* **TASK TO COMPLETE**:
Look below for the line containing "Fondos de Pantalla"; from there through the line containing "XL Parts-Full Service Auto Parts", both lines included, please set down each line exactly and nothing else.

* **SOURCE MATERIAL**:
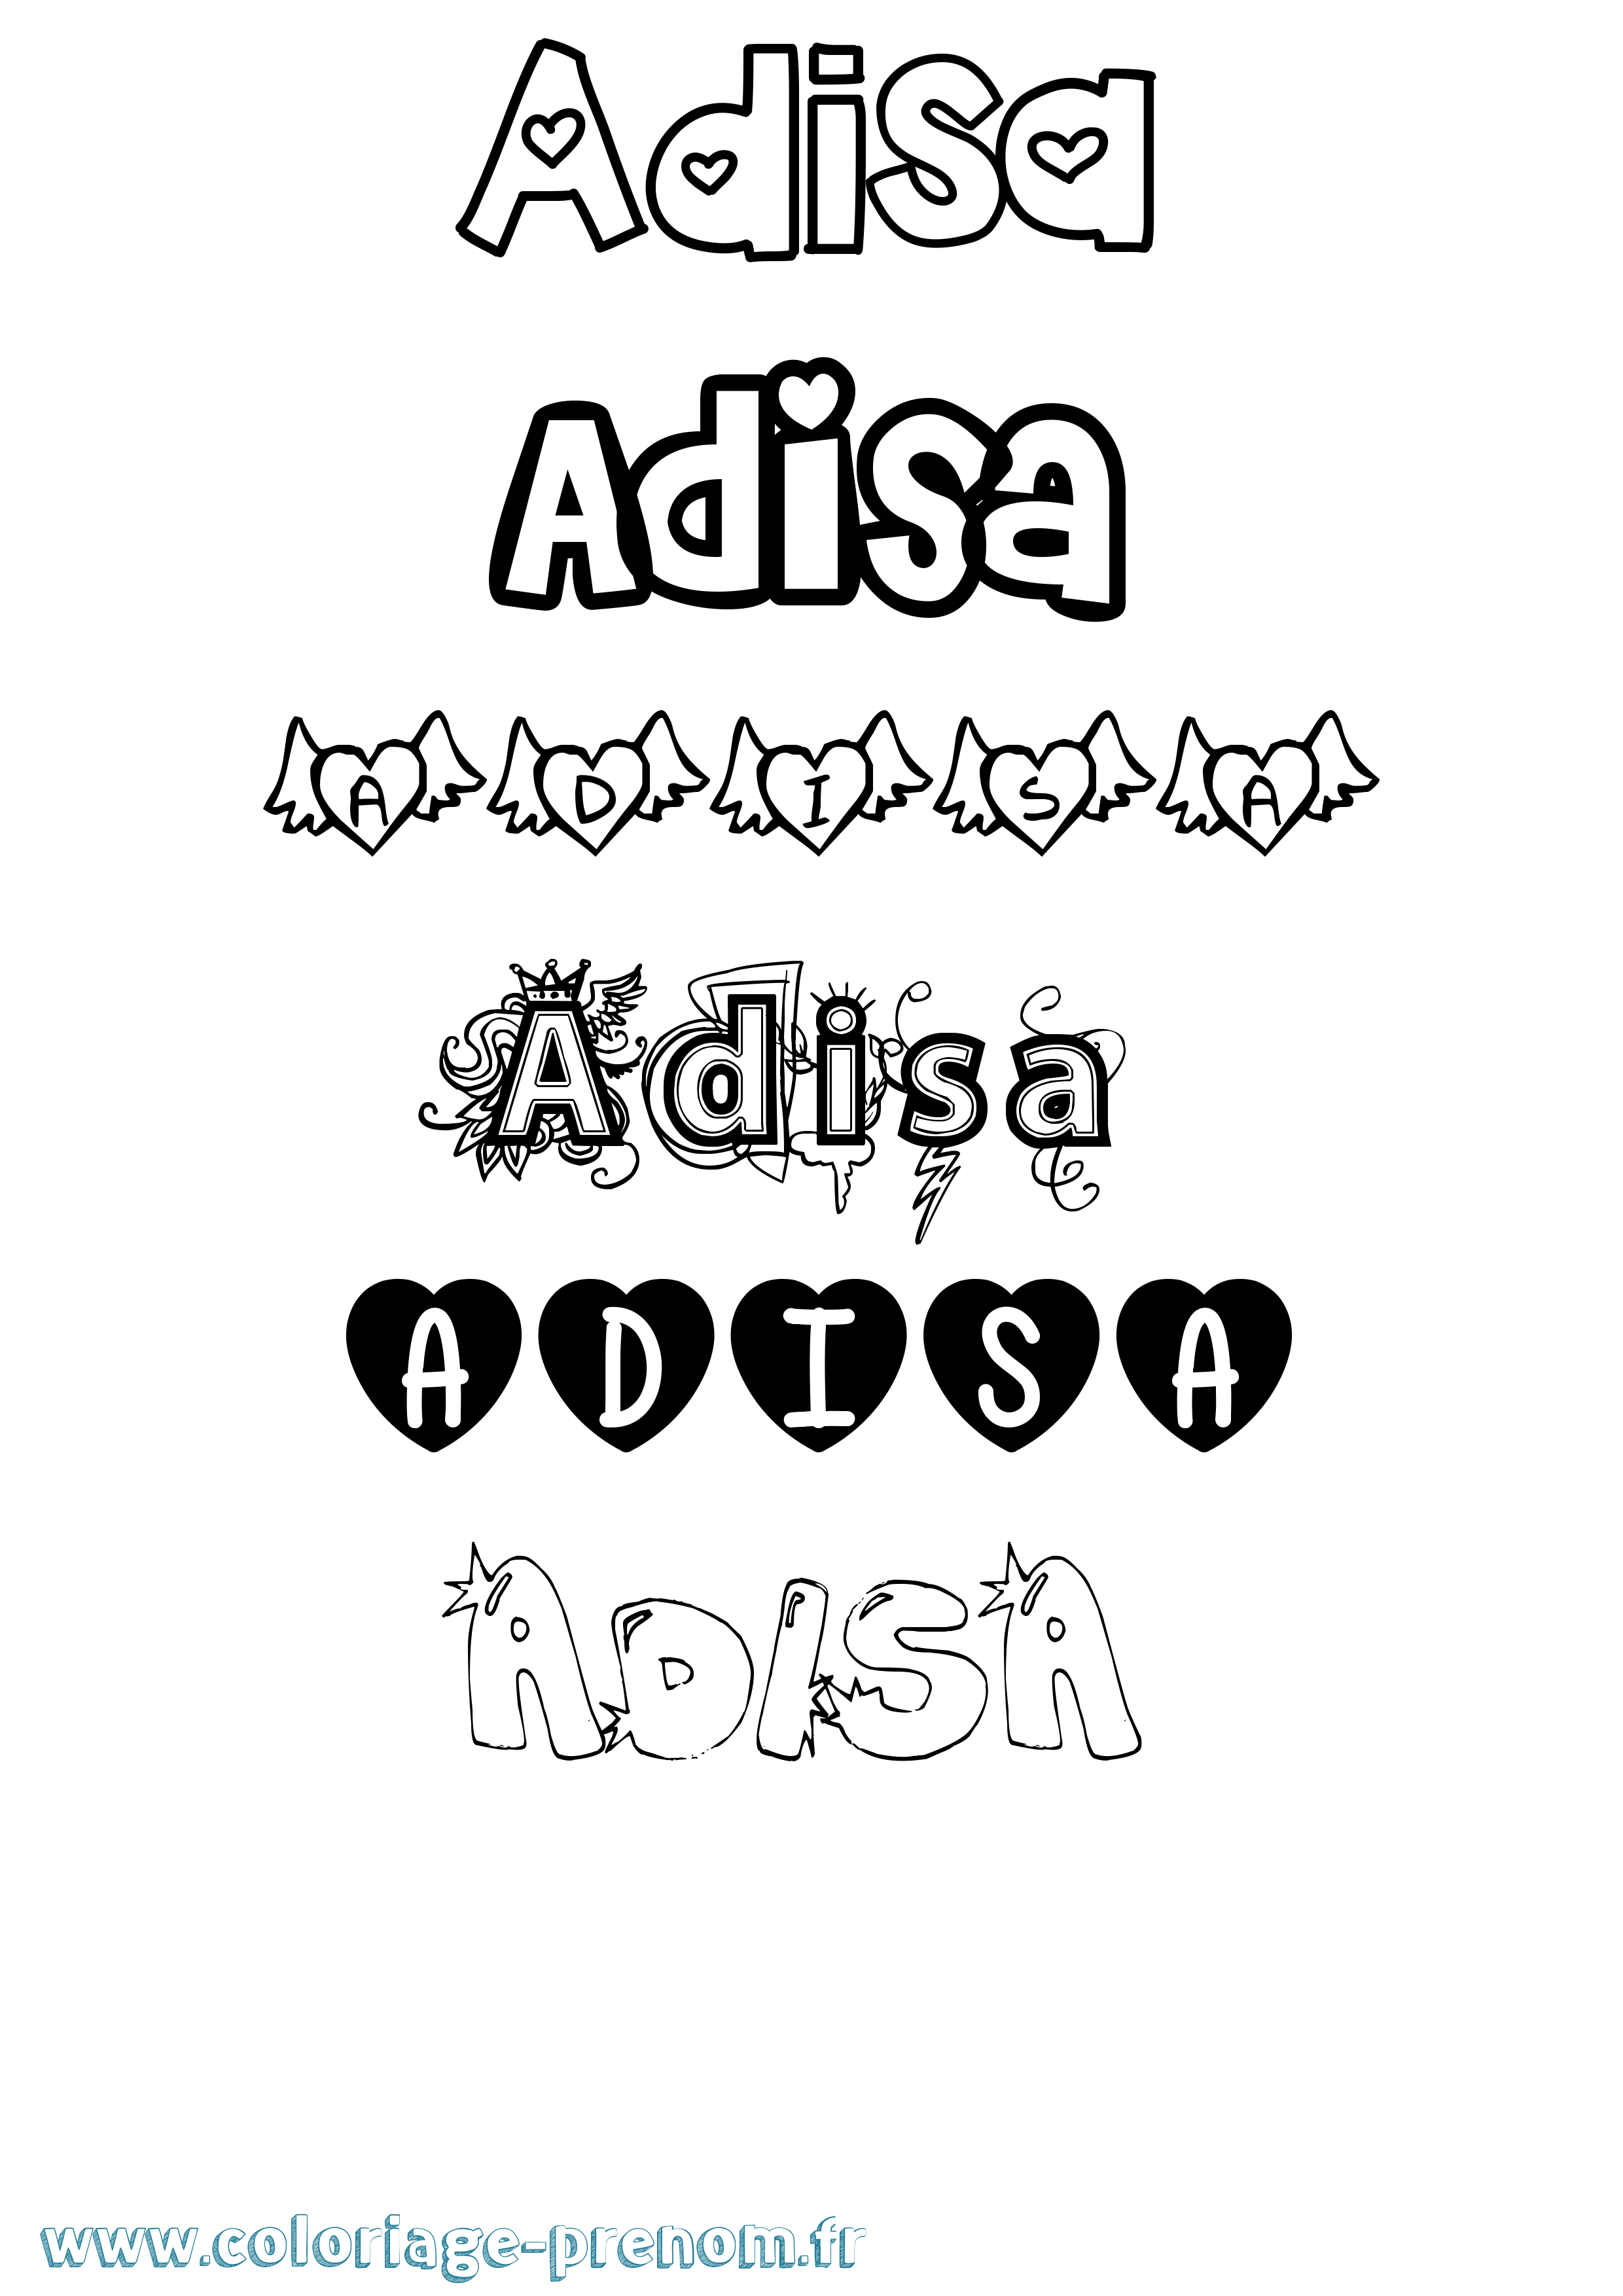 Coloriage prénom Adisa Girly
* * *
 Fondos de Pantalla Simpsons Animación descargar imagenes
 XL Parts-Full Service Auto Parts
---
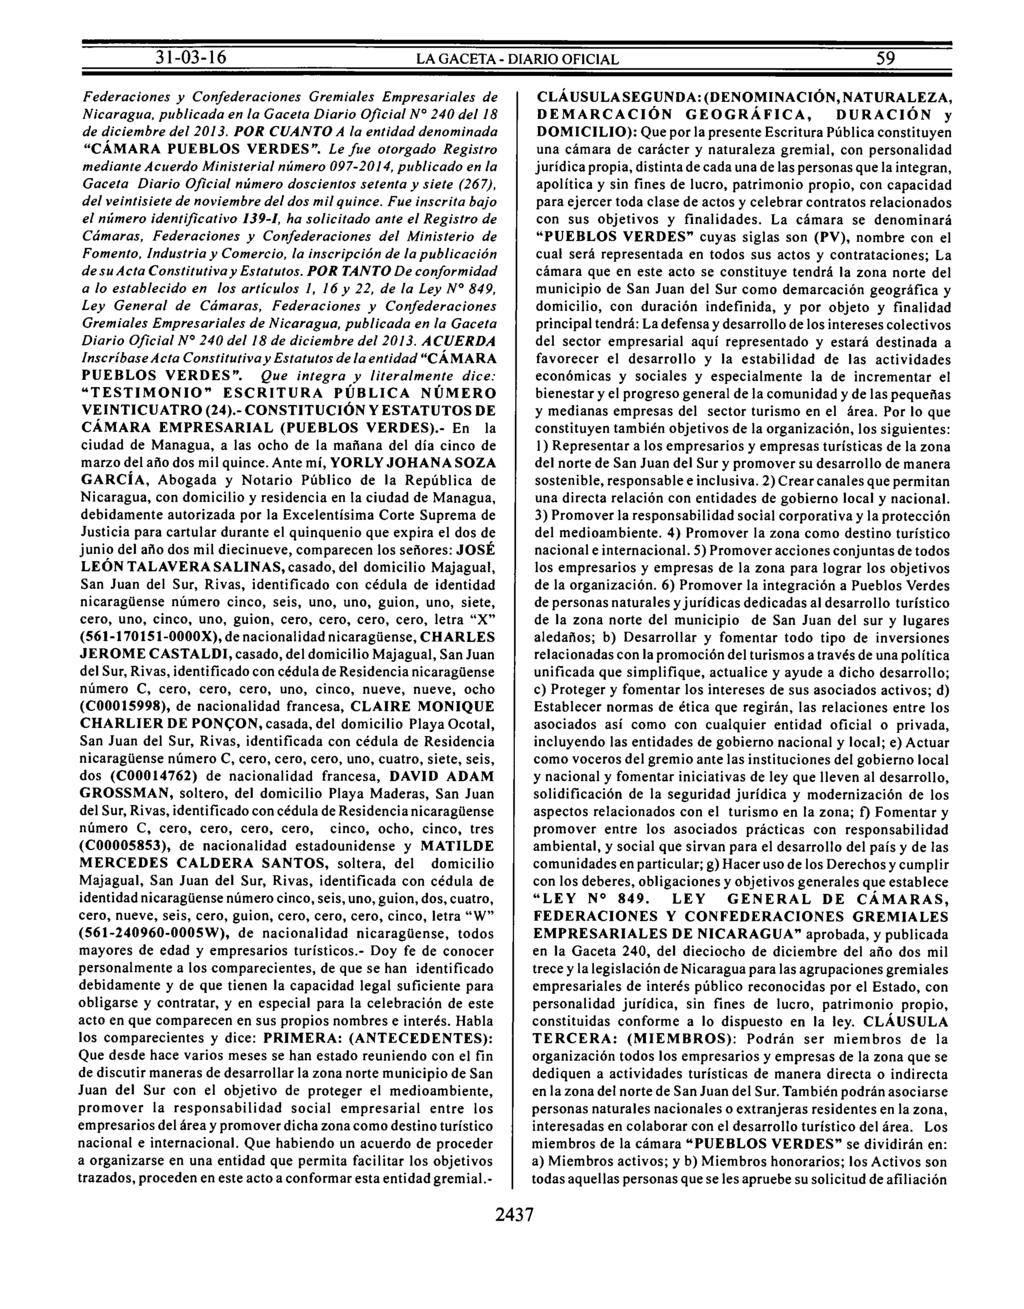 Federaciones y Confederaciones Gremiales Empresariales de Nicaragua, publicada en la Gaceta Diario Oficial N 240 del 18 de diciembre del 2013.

* **YOUR RESPONSE**:
 Fondos de Pantalla Simpsons Animación descargar imagenes
 XL Parts-Full Service Auto Parts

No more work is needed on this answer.